Another of Volti’s ongoing projects, the Choral Arts Laboratory, gives young composers a chance to work with Volti singers and Artistic Director Robert Geary, while they are composing a piece for the ensemble. This year’s participant was 28-year-old Ted Hearne, whose composition titled privilege was also on the program, as were two Volti-commissioned works by Rubin Estrada and Donald Crockett.
All this virtuous outreach produced an evening of beautiful, often sumptuous sound, as well as generally excellent singing from all the groups, before a large and enthusiastic audience. As to the music itself, this was a tamer, blander set of offerings than is customary with Volti. The two commissions were attractive, colorful, and folkloric in flavor, but also rather insubstantial. The same might be said about several of the high school choral selections, though it was a real pleasure to hear the music of Purcell and Sweelinck sung so well.
Morten Lauridsen’s quasi-Renaissance setting of O Magnum Mysterium (1994) was extremely effective, and beautifully rendered by Volti. Its mannered archaisms contain just enough unusual features to create a genuinely thoughtful, devotional mood. His Nocturnes (2005-2008) are set to poems by Rilke, Agee, and Neruda. They ended the concert, sung by the combined forces of all four choirs with the composer at the piano, in a generous and heartfelt tribute.

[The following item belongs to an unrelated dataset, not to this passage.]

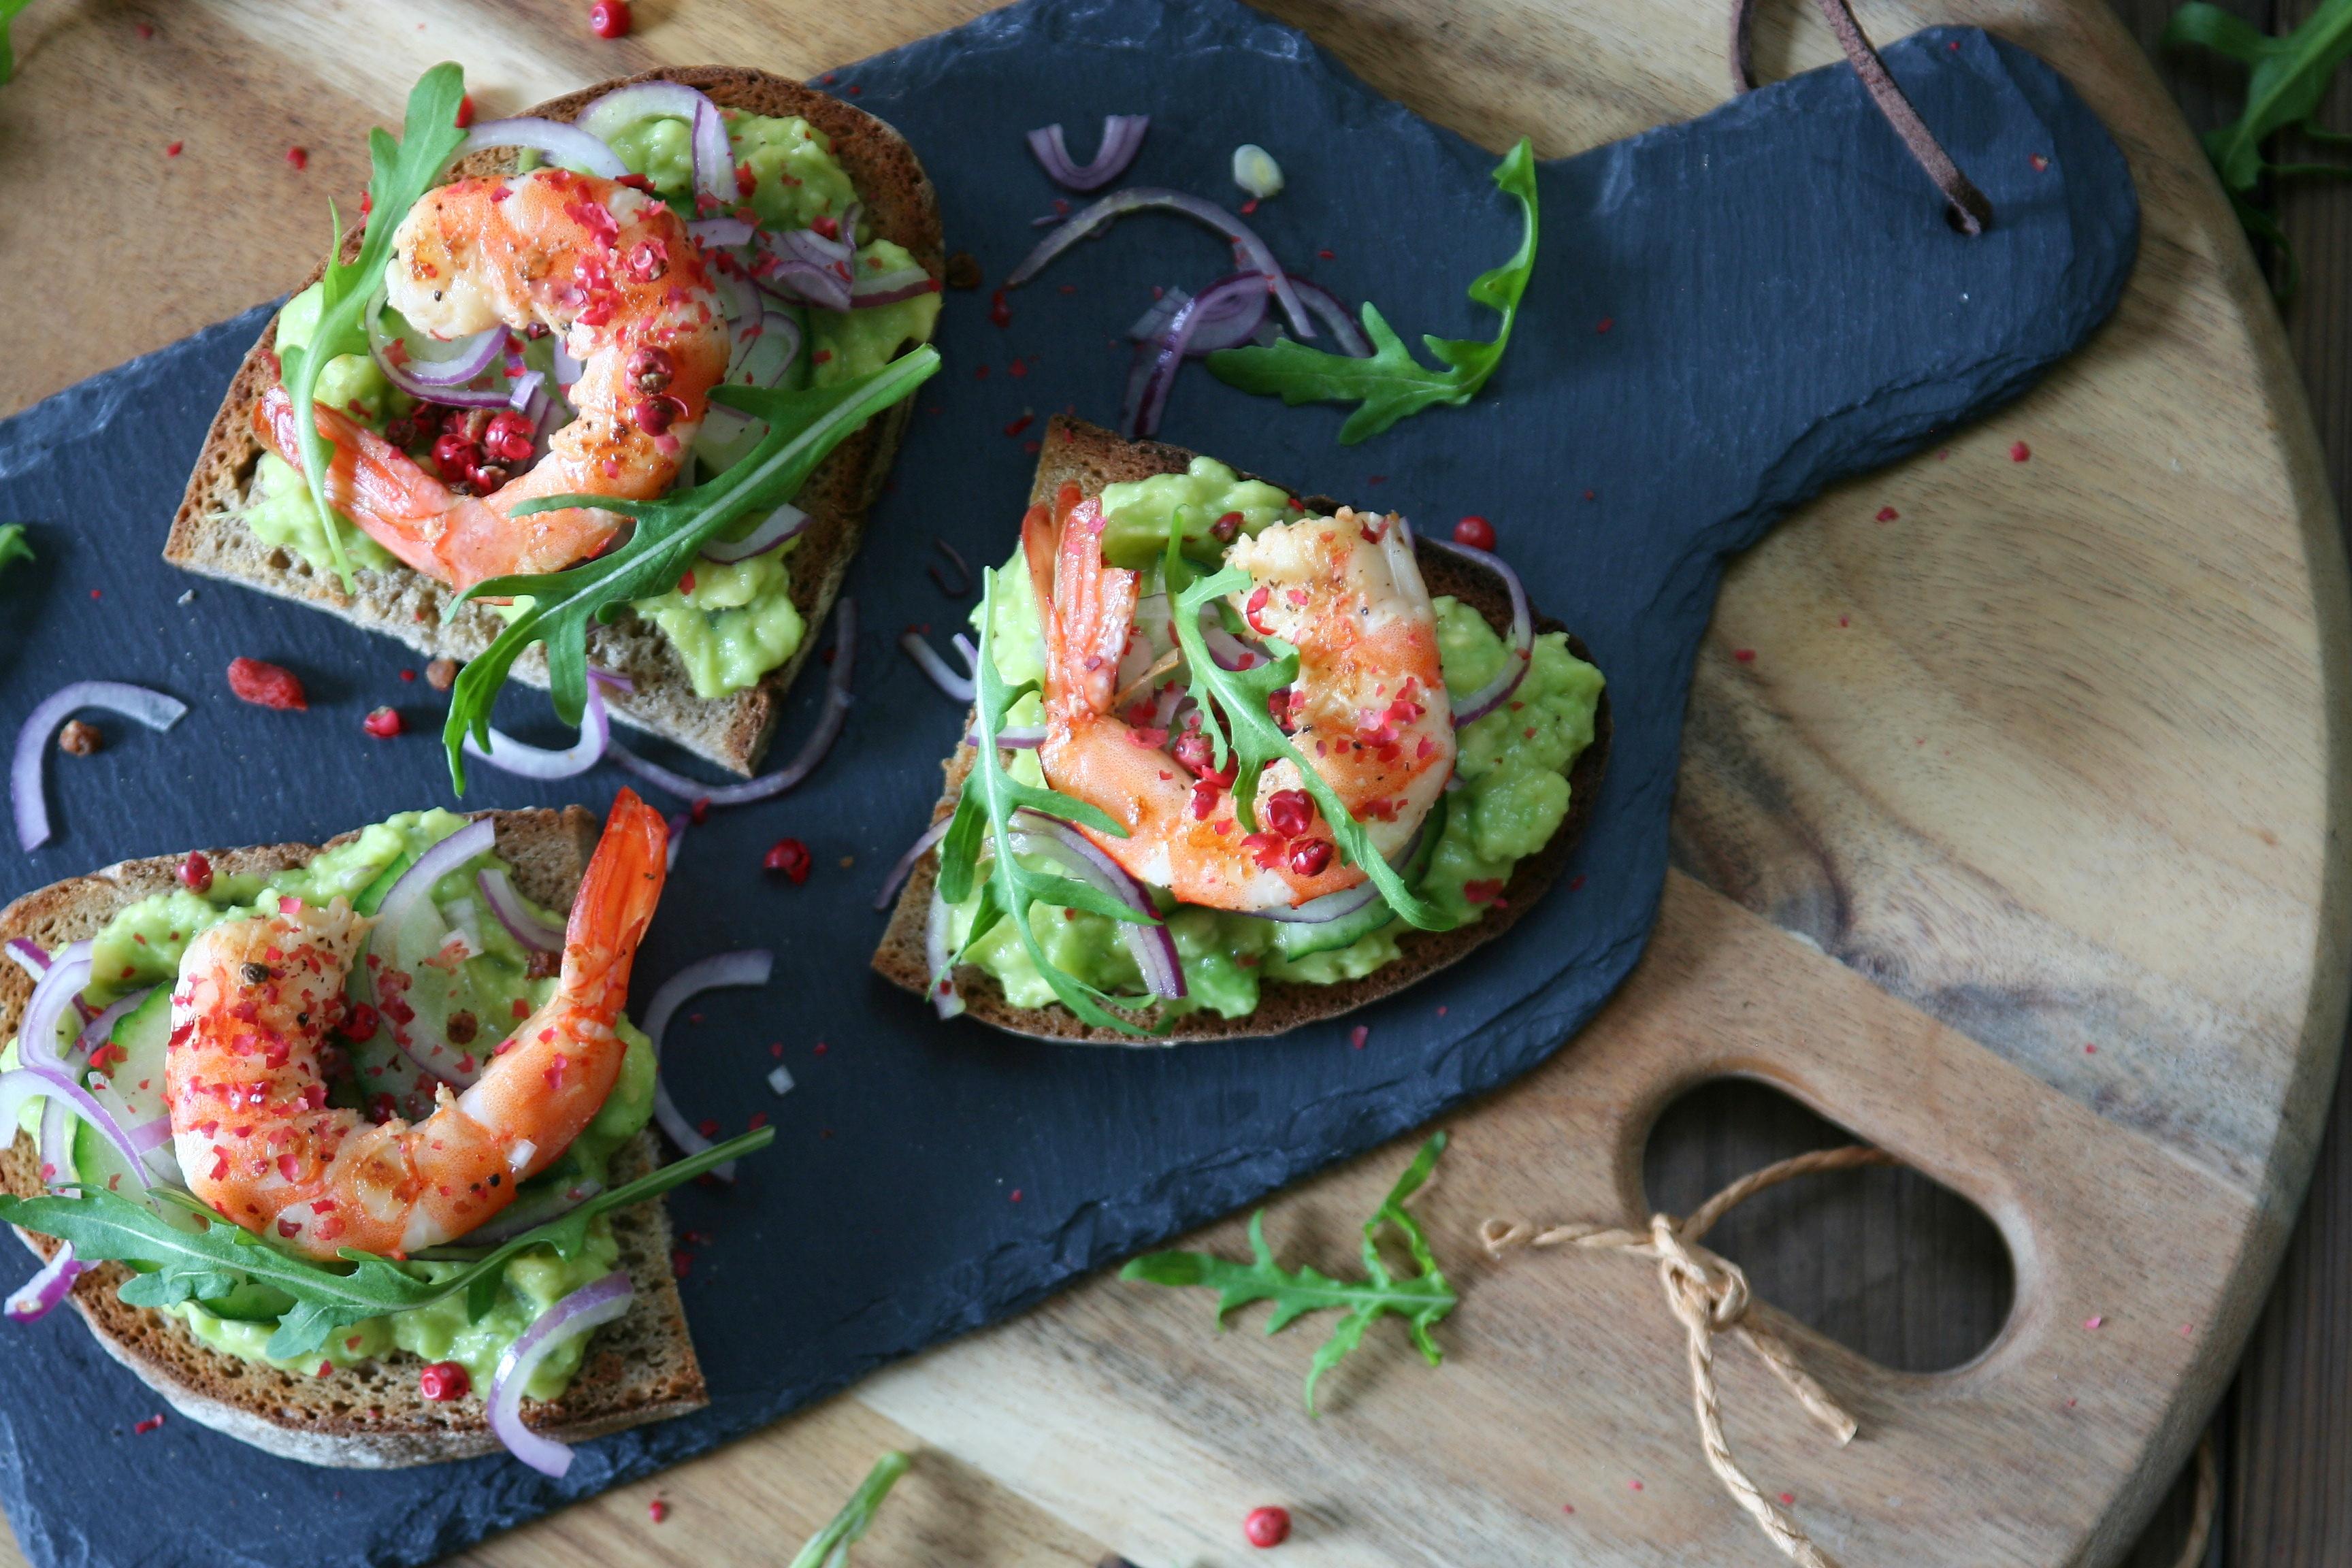 Toustíky s avokádovou pomazánkou a krevetami
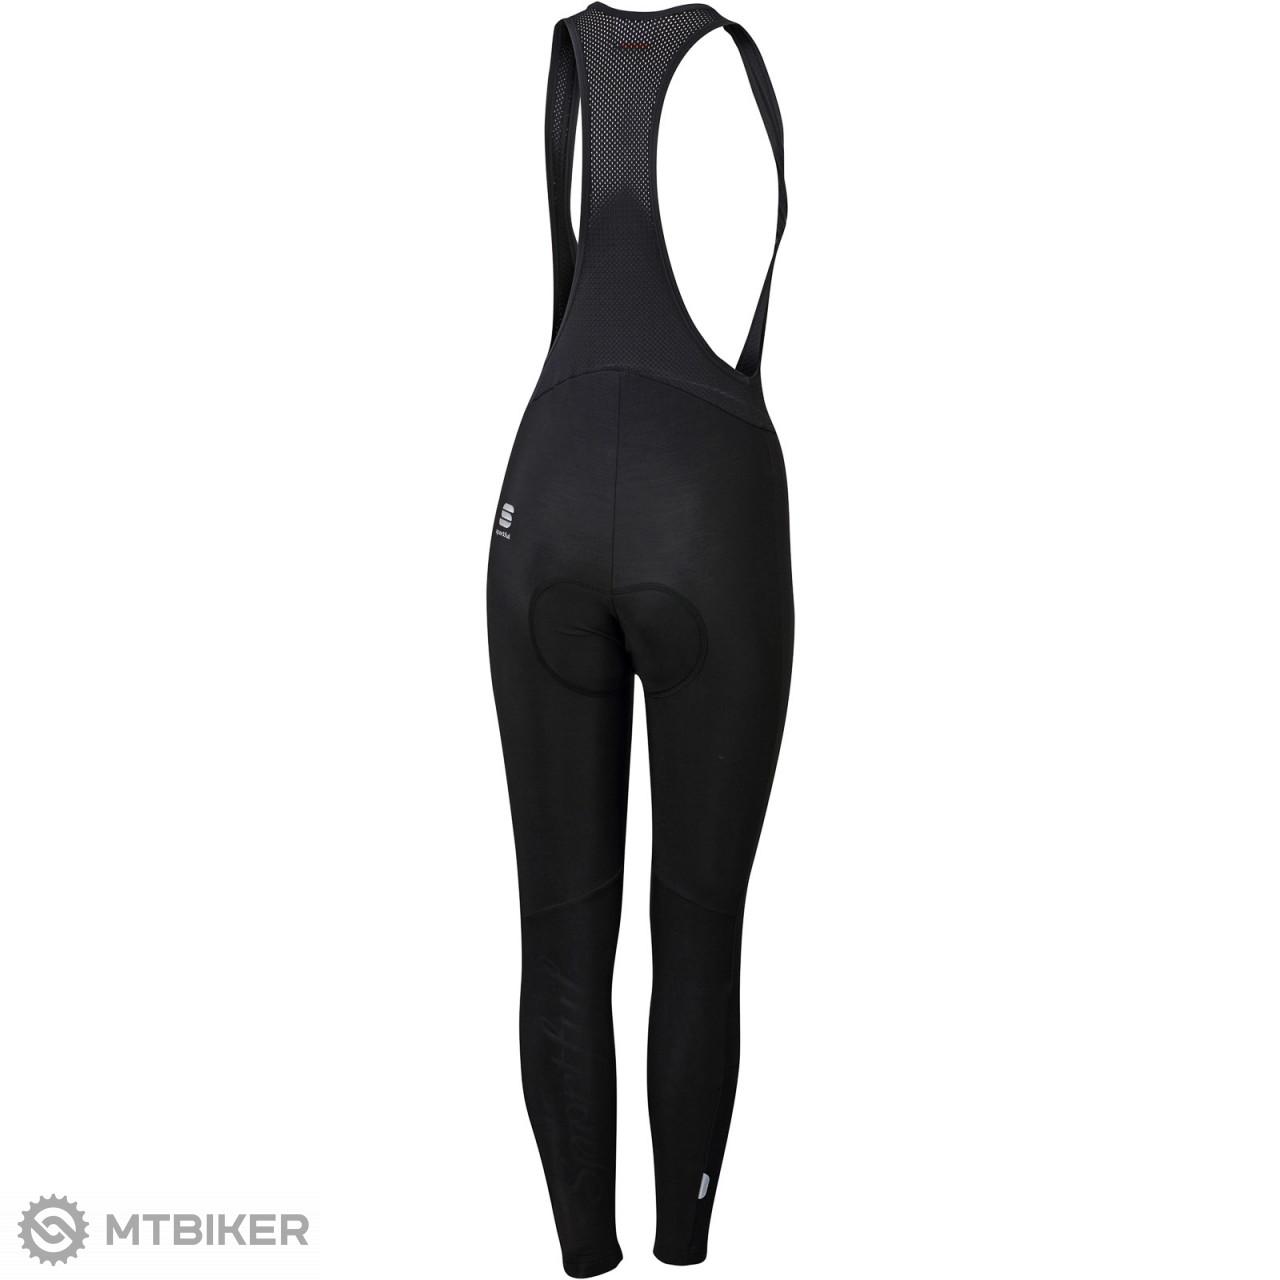 a24d006112933 Sportful Luna nohavice s trakmi dámske čierne - MTBIKER Shop

This program might have benefitted by including one or two of the meatier, more adventurous compositions for which Volti has been noted in the past. Typically, its new-music programming avoids the extremes both of earnest traditionalism and of exuberant novelty. A couple of pieces with real originality and expressive vitality could have enhanced the audience’s awareness, while giving some additionally useful guidelines to a group of impressive young choral singers.